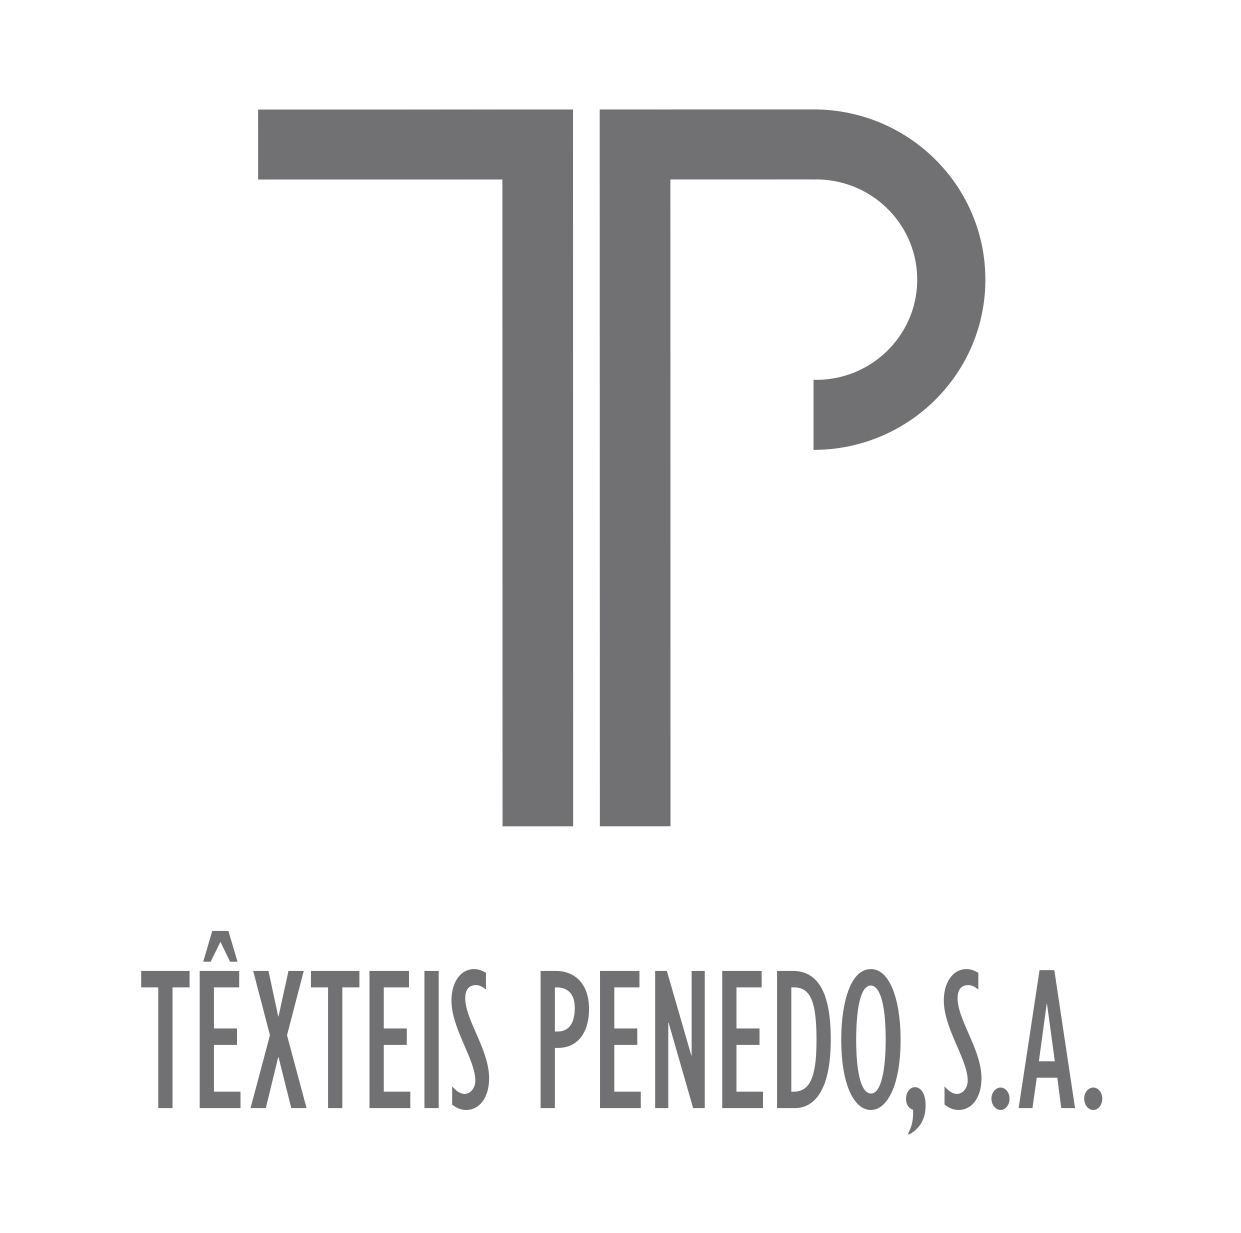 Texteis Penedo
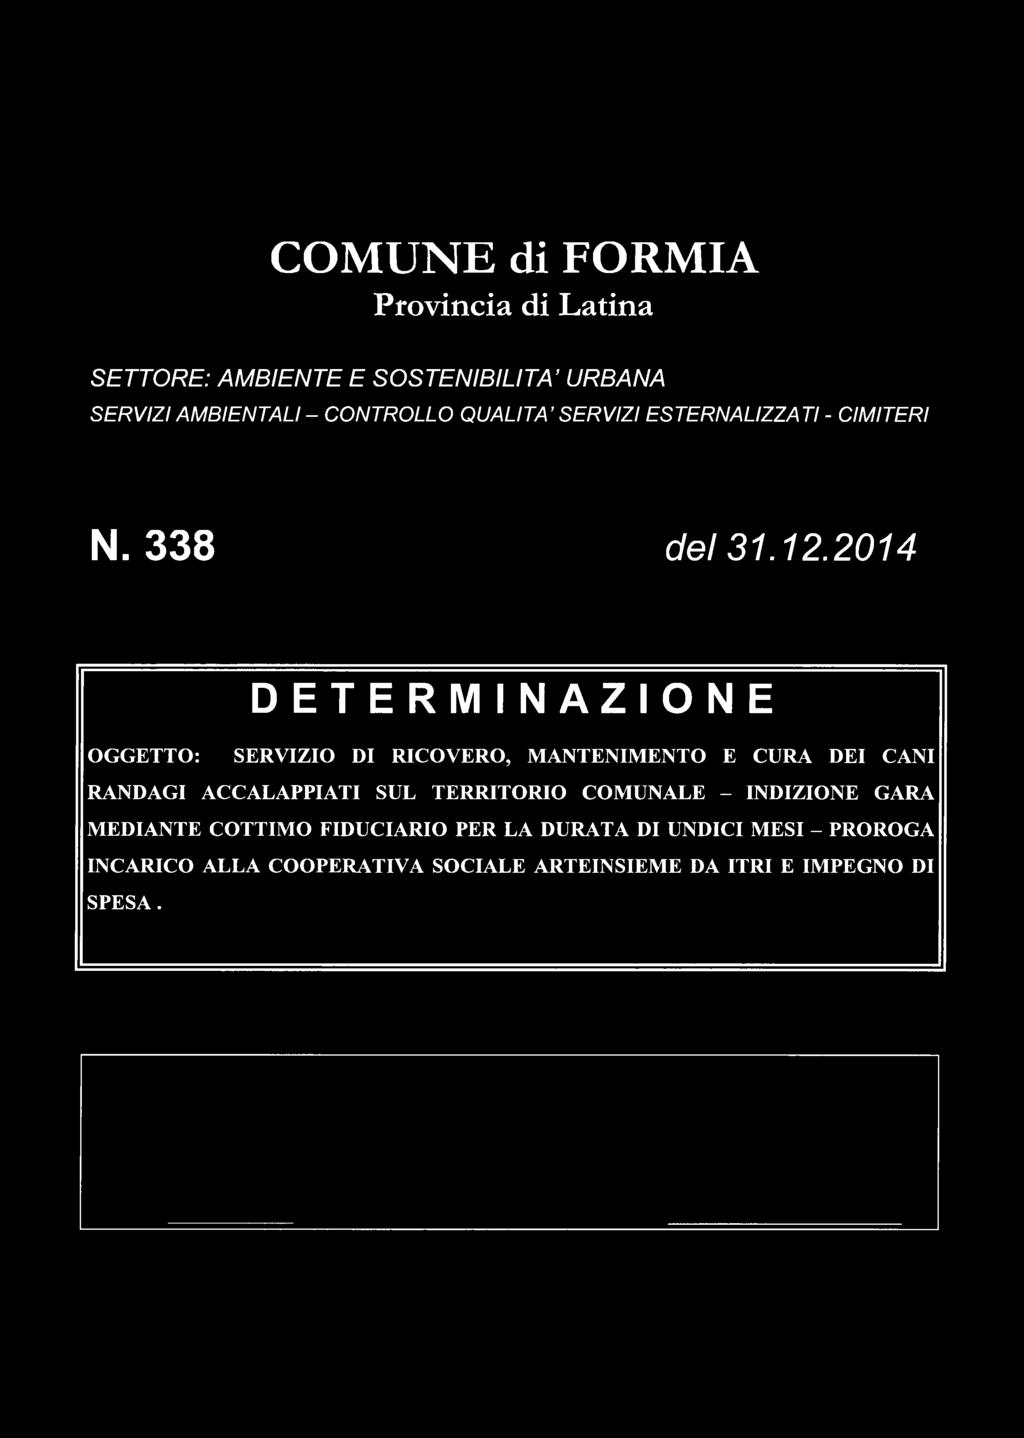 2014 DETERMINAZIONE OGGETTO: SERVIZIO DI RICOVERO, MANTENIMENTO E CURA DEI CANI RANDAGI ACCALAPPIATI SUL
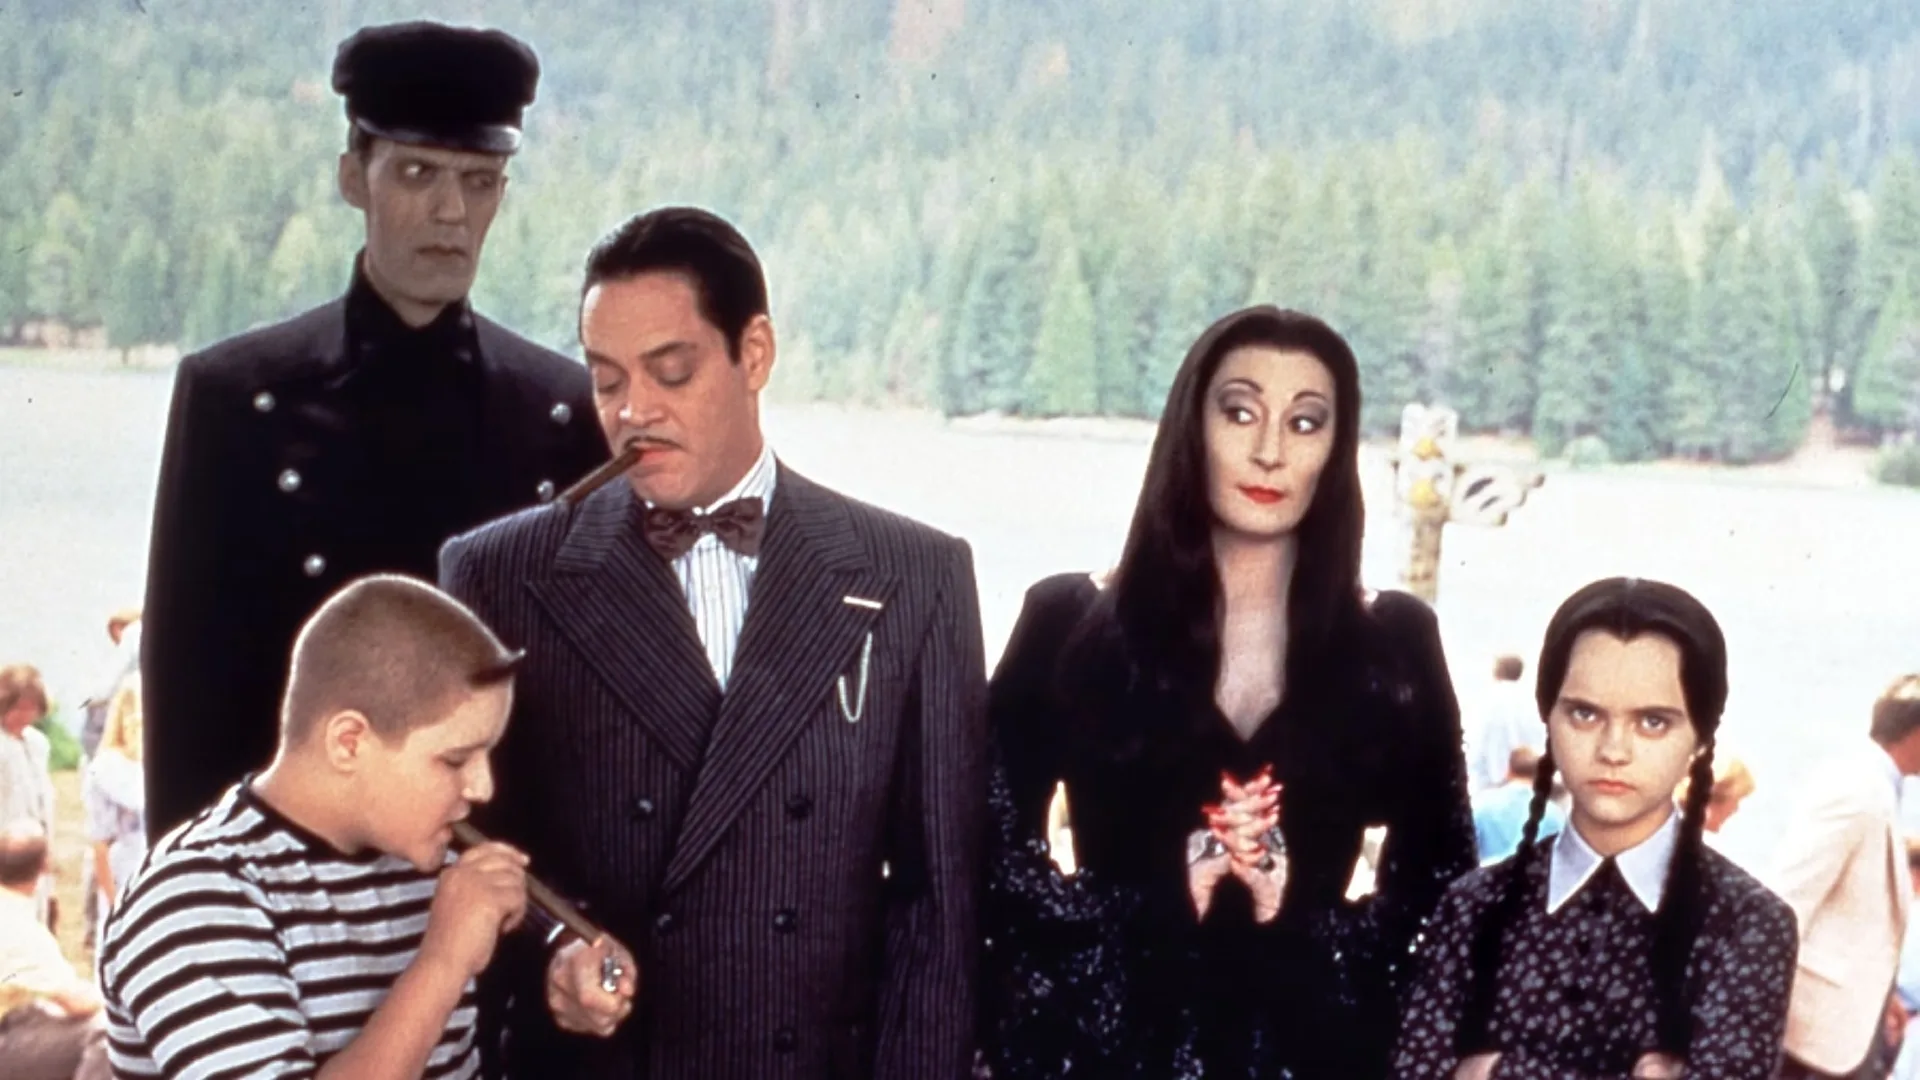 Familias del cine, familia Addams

**ASSIGNMENT:** Drop the pictures, then write out only the lines running from the one containing "2014 DETERMINAZIONE OGGETTO: SERVIZIO" through the last line above, both included, exactly.

**ANSWER FOR THIS EXERCISE:**
 2014 DETERMINAZIONE OGGETTO: SERVIZIO DI RICOVERO, MANTENIMENTO E CURA DEI CANI RANDAGI ACCALAPPIATI SUL
 Familias del cine, familia Addams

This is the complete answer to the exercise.